Про женщин очень памятно Дроздов говорит, хоть и не всегда понятно. С Максимом они всё спорят, и на все слова Дроздова Максим возражает: врёшь! Выдаёт себя Дроздов за незаконнорожденного, будто мать прижила его с каким-то графом, а Максим спрашивает:

– Ванькой звали графа-то?

Вот бы Максиму проповедовать, даром что молод он, а строг к людям.

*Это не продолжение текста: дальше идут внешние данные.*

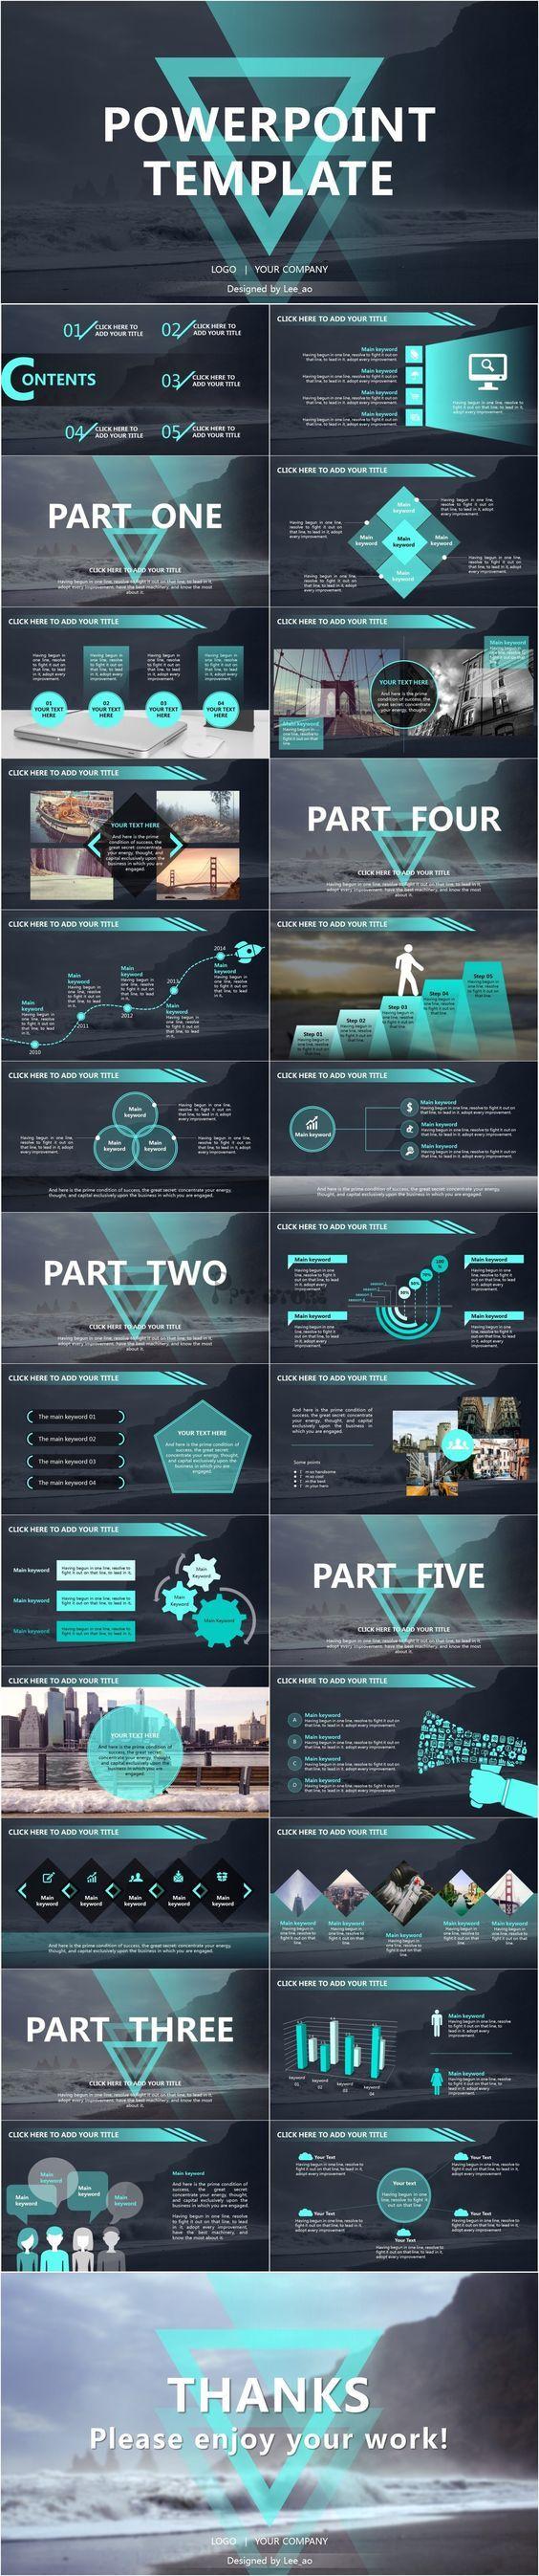 PowerPoint template,download:http://www.pptstore.net/shangwu_ppt/12173.html:

– Не уважаю, – говорит, – я народ: лентяй он, любит жить в праздности, особенно зимою, любови к делу не носит в себе, оттого и покоя в душе не имеет. Коли много говорит, это для того, чтобы скрыть изъяны свои, а если молчит – стало быть, ничему не верит. Начало в нём неясное и непонятное, и совсем это без пользы, что вокруг его такое множество властей понаставлено: ежели в самом человеке начала нет – снаружи начало это не вгонишь. Шаткий народ и неверующий.

Он прошёл Русь крест-накрест, и со всем, что я вижу в людях, его речи согласны. Народ непонятный и скучающий – отчего бы это? Максим говорит – от глупости. Так ли? Дураки и сами весело живут и другим забавны…»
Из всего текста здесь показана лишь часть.